His research team includes research students Liron Mizrahi and Ashwani Choudhary of the University of Haifa’s Sagol Department of Neurobiology, in collaboration with Dalhousie University in Halifax in Canada and the Salk Institute in La Jolla, California.

Stern noted that because of the strong similarities between manic depression and other disorders such as schizophrenia, there is a risk of being misdiagnosed, at least in its early stages. There’s also no way to know in advance whether lithium will help individual patients.

The study sought to examine whether it was possible to use a blood test to identify someone with bipolar disorder and to predict the efficacy of lithium treatment for that individual. The study examined cells from three different groups in the population: people without bipolar disorder; people who have bipolar disorder and who respond to lithium treatment; and people with disorders that don’t respond to lithium.

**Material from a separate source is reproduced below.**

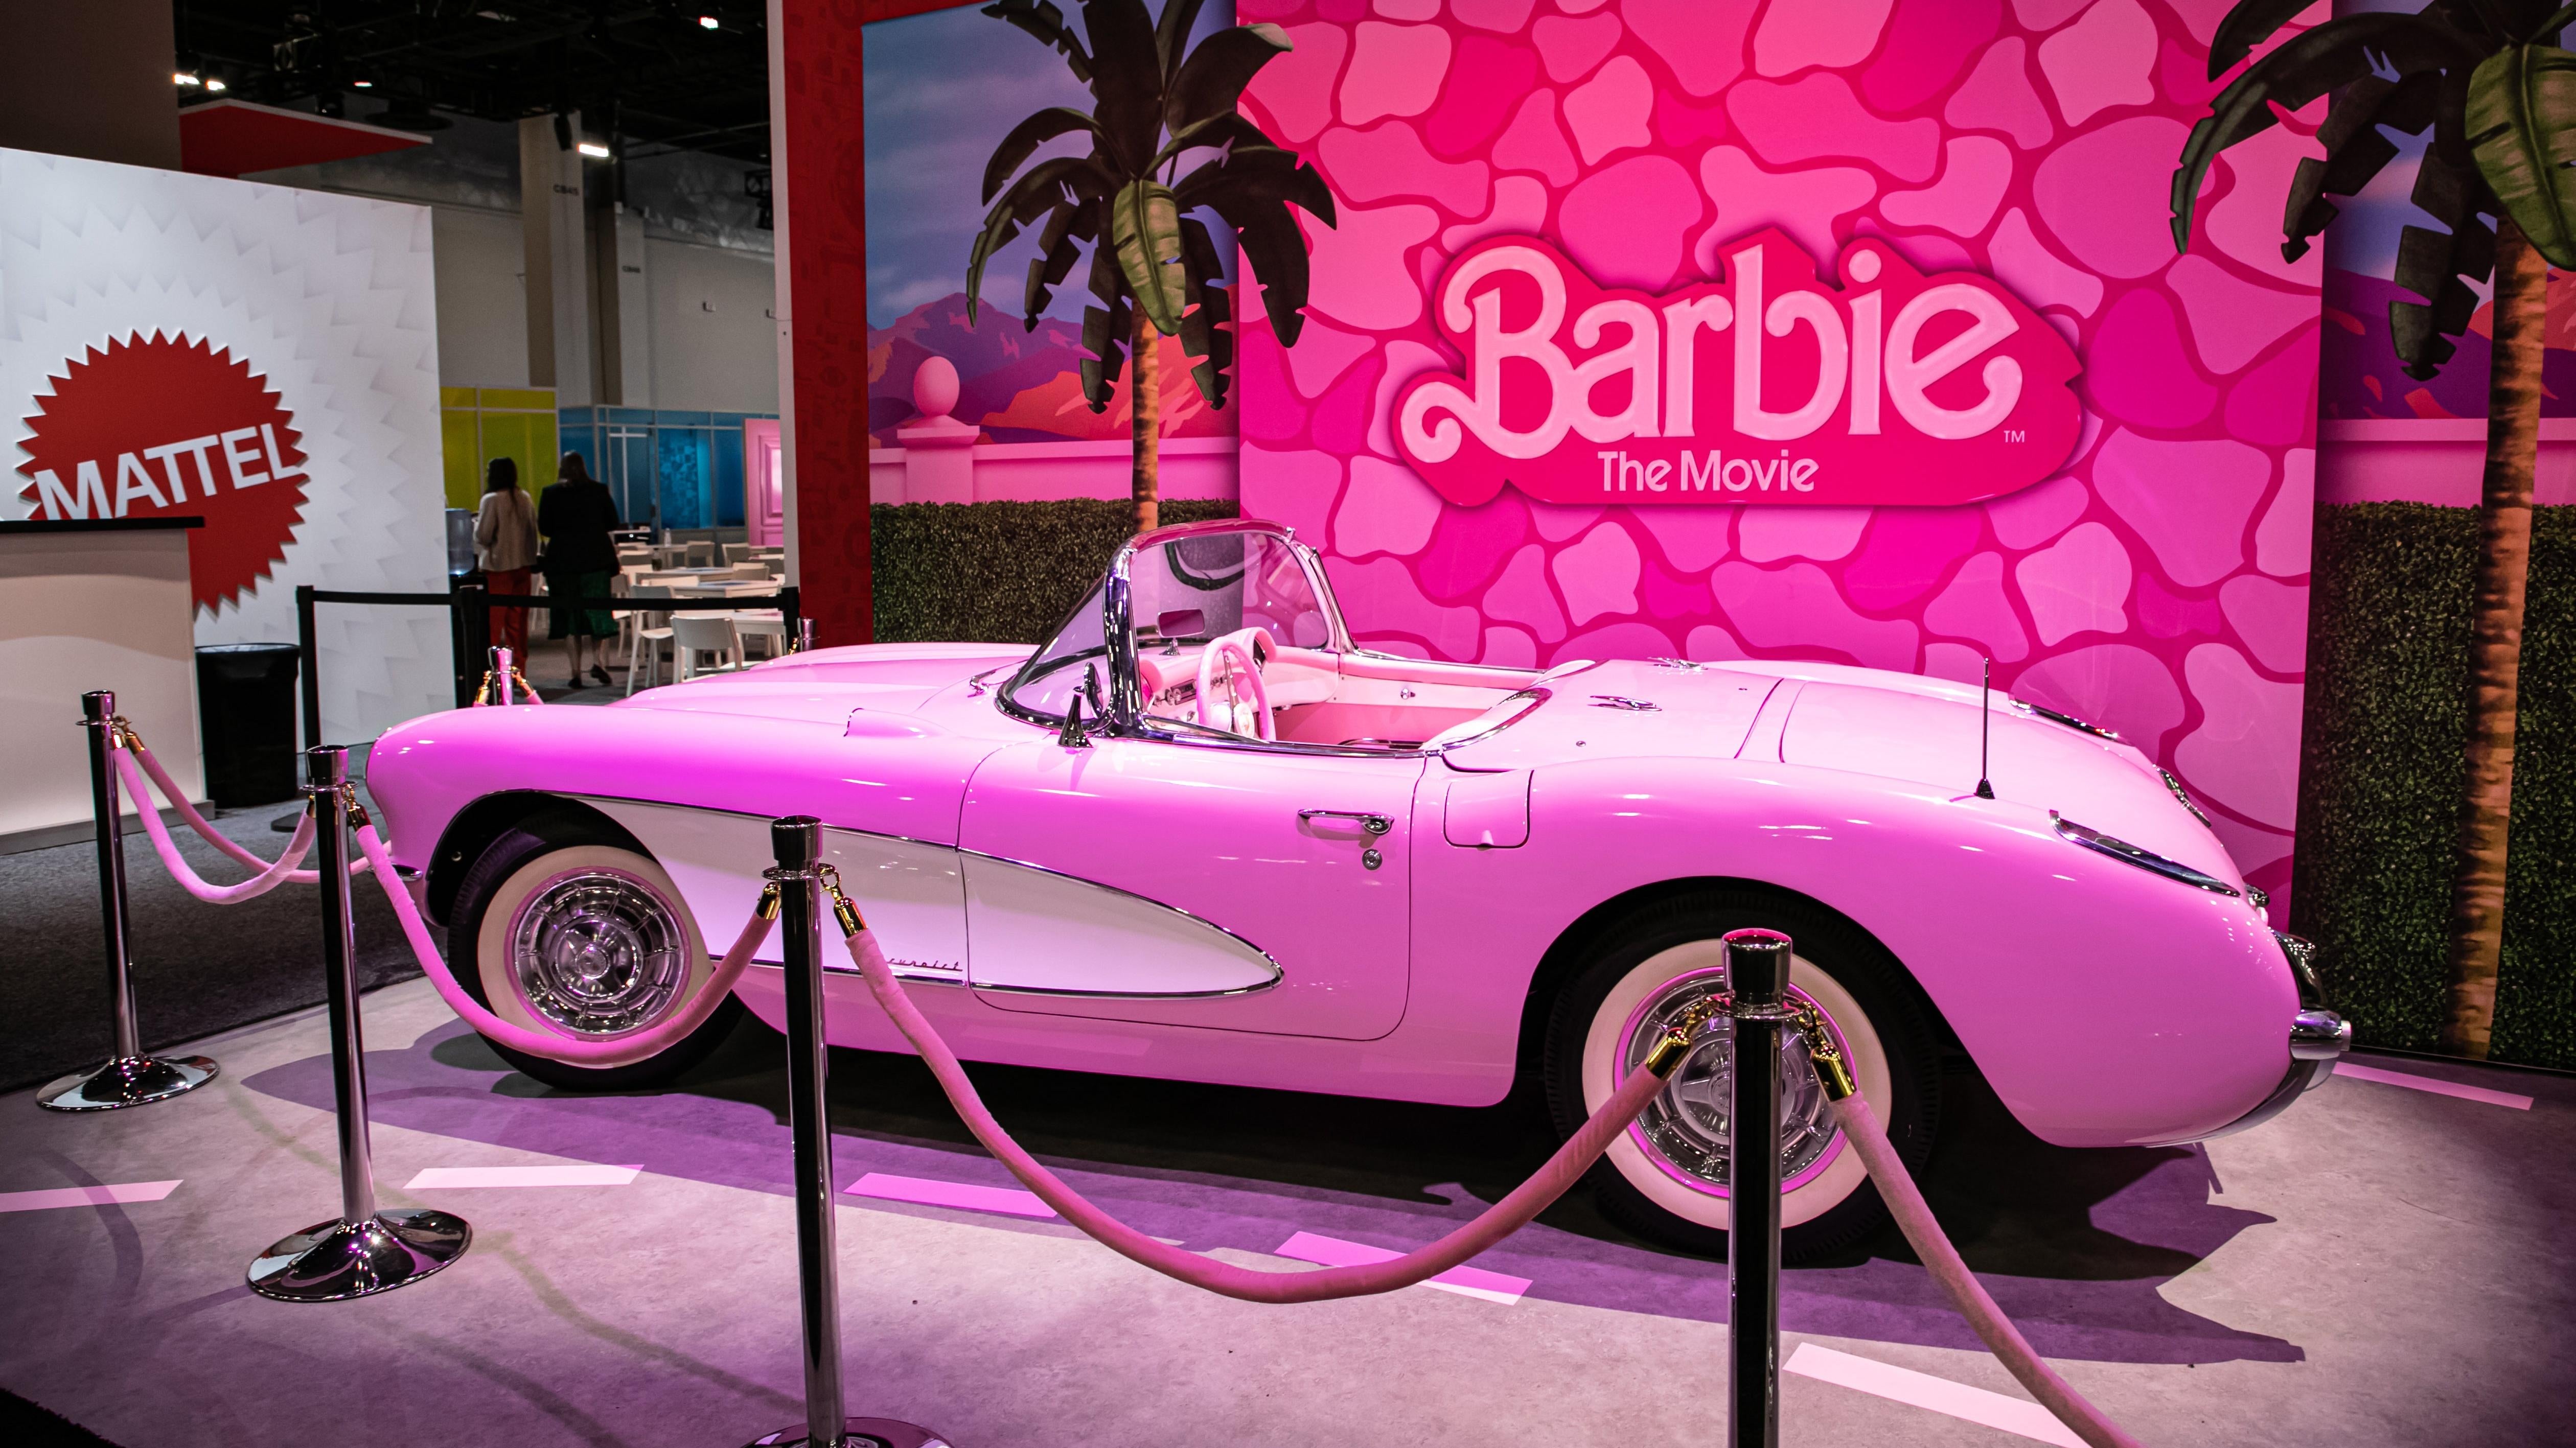 Barbie Movie Car: Margot Robbie's Pink Corvette on Display

Stern’s lab uses molecular biology combined with biophysical, electrophysiological, and numerical simulation platforms to facilitate the use of induced pluripotent stem cell technology, in which mature cells from human patients are reprogrammed into induced pluripotent stem cells. Inherited human neurons share the same genetics as the patient and are therefore an excellent model for studying diseases and disorders of the human brain. The lab focuses on bipolar disorder, Parkinson’s disease, and rare mutations that cause intellectual disability, epilepsy, and autism. By understanding the mechanisms underlying this disorder, laboratories are working to develop precise treatment programs and discover biomarkers for better diagnosis and better disease prognosis.

In the first phase of the study, isolated white blood cells from all participants were examined; cell cultures are produced that can be maintained for a long time by infecting cells with the Epstein-Barr virus (of the herpes family) which causes mononucleosis. In the second stage, the researchers extracted RNA from the cells to understand which genes were expressed in each population and to identify the differentially expressed genes.

The findings show that 80% of the difference in gene expression is related to the expression of immunoglobins, a major component of the immune system. “The most significant finding was that in people with bipolar disorder, there was a difference in the expression level of the receptor gene for antibodies; this may explain the high rate of comorbidity. There is a known correlation between various psychiatric disorders and additional morbidity,” said Stern.

After obtaining the biological findings, the researchers used an artificial intelligence-based model consisting of neural networks; AI models were developed in Stern’s lab to verify the findings. The researchers also used cells from other laboratories that executed the same biological processes as in the new study to validate that the computational model also worked for cell samples in various laboratories.

The findings of the mathematical model were able to predict with greater than 90% precision if a person had bipolar disorder and whether they would respond to lithium treatment. “This method could allow people coping with psychiatric disorders to save months of suffering by customizing the right medication for them,” Stern concluded.